Comprehensiveness could prove difficult to demonstrate capability with respect to all the abilities proposed. Parsimony would minimise burden in any application exercise, such as rating jobs. Demonstrability or transparency can be measured with processing requirements that are clear and easily understood. Empirically there must be a strong connection between the test and the construct it is intended to measure. Other considerations for determining the suitability of particular tests are their correlation with the factor of interest; amount of time (or number of items) needed to achieve a reliable score; and susceptibility of the test to (contamination with) other factors (test impurity).

Cattell-Horn-Carroll framework

This section reviews one of the lines of literature in more depth: the human cognitive abilities literature from the factor analytic tradition.

The factor analytic tradition in depth

The factor analytic tradition begins with Spearman (1904[1]; 1927[2]). His analyses of cognitive tests found that a general latent factor accounted quite adequately for the correlations among test scores. However, each test score additionally had to contain test-specific variance.

Thurstone (1938[34]) administered a broader sample of tests to a larger group of college students. Through the development of multiple-factor analysis and the concept of simple structure, Thurstone (1934[50]) showed evidence for a set of narrower group factors (verbal comprehension, word fluency, number facility, spatial visualisation, associative memory, perceptual speed, reasoning). He referred to these as primary mental abilities.

Others showed the Spearman and Thurstone findings were compatible through a hierarchical mode (Undheim, 1981[51]; Gustafsson, 1984[52]) or the similar bifactor model (Holzinger and Swineford, 1937[53]; Holzinger and Harman, 1938[54]; Schmid and Leiman, 1957[55]).
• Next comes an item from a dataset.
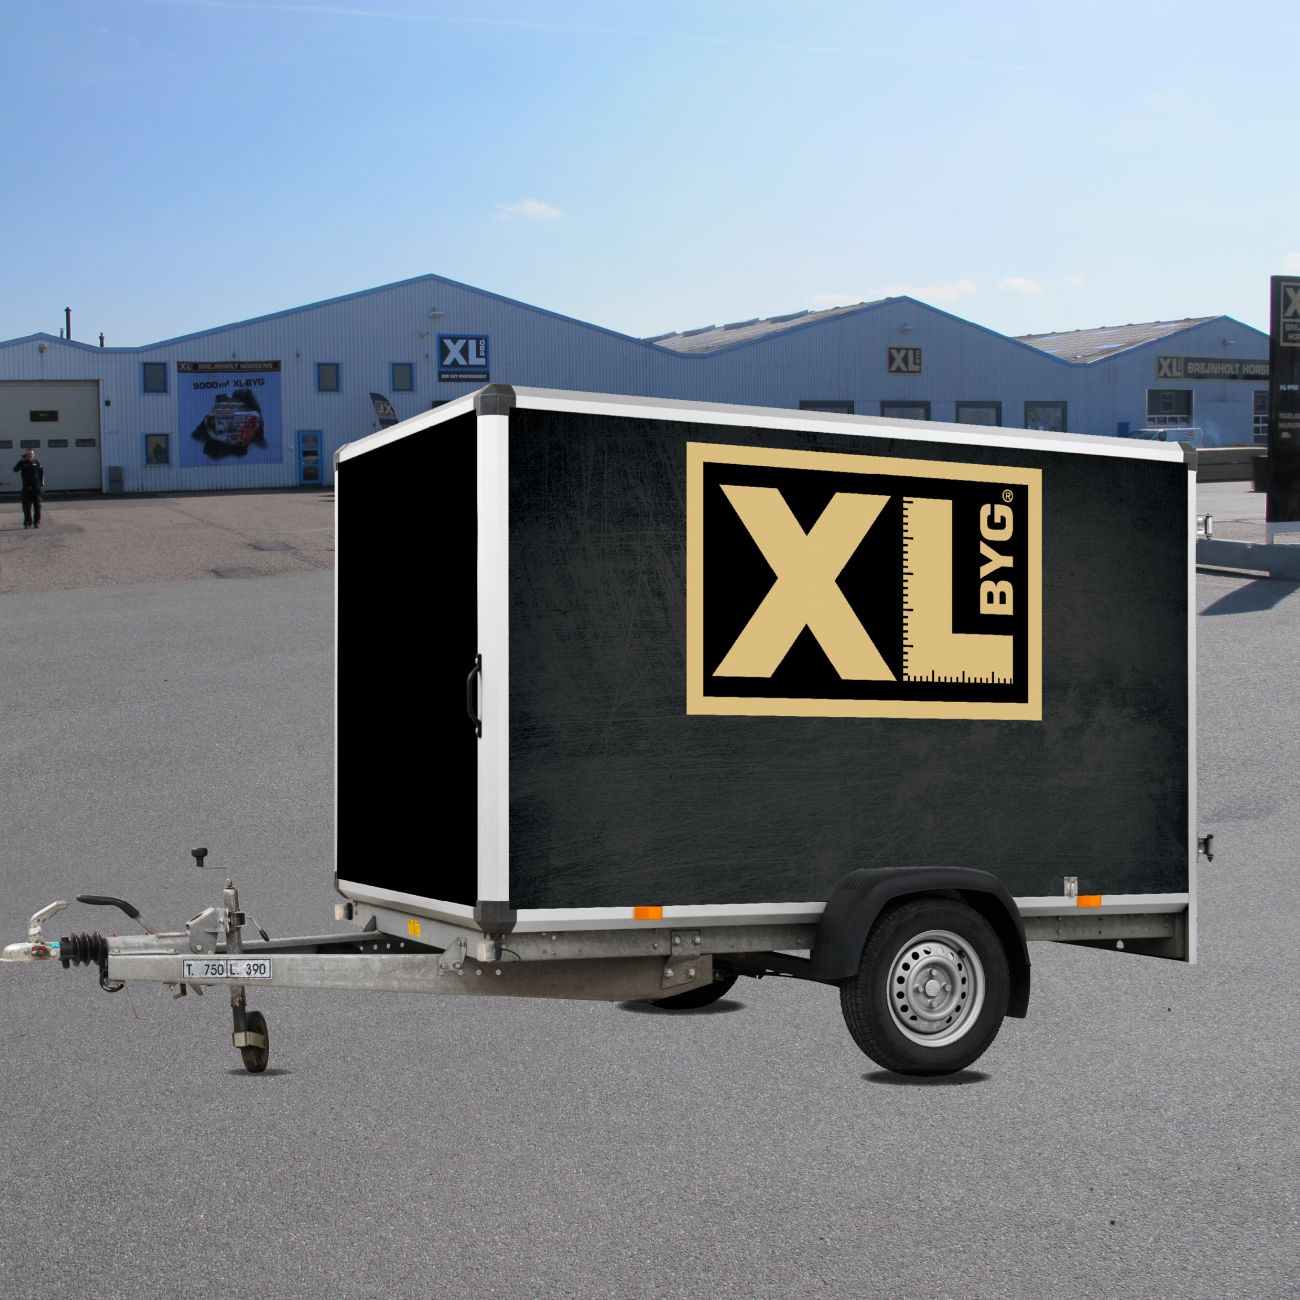 Villain sandsynlighed klodset Lej en trailer gratis hos XL-BYG ⇒ Se hvordan og find booking her

In other words, performance on a test could be a function of general, group and specific latent factors simultaneously.

Horn and Cattell (1966[3]) proposed two general factors [fluid (Gf) and crystallised (Gc) ability], along with a set of correlated group factors or broad abilities. This line of research (Horn and Blankson, 2005[4]; Horn and Blankson, 2012[5]) culminated in 80 first-order primary mental abilities and 8 second-order abilities. These are Gc; Gf; short-term memory (Gsm) [later, short-term apprehension and retrieval (SAR)]; long-term memory (Gsl) [later, fluency of retrieval from long-term storage (TSR)]; processing speed (Gs); visual processing (Gv); auditory processing (Ga); and quantitative knowledge (Gq).

Carroll (1993[6]) analysed 460 datasets comprising test correlation matrices accumulated over almost a century of research. He reanalysed them using a version of the Schmidt-Leiman procedure and synthesised findings primarily based on informed but subjective judgements of content (and process) overlap. He proposed a three-stratum model (Carroll’s “stratum” is synonymous with the more common term of “order”) with a general factor at the apex and eight second-stratum factors.

The second-stratum factors were fluid intelligence, crystallised intelligence, general memory and learning, broad visual perception broad auditory perception, broad retrieval ability, broad cognitive speediness and processing speed. Each of the second-stratum factors covered 4 to 14 first-stratum factors. For example, the second-order fluid intelligence covered the first-order (primary) factors: general sequential reasoning, induction, quantitative reasoning and speed of reasoning. These, in turn, were determined by the correlations among the manifest scores from various tests of those factors.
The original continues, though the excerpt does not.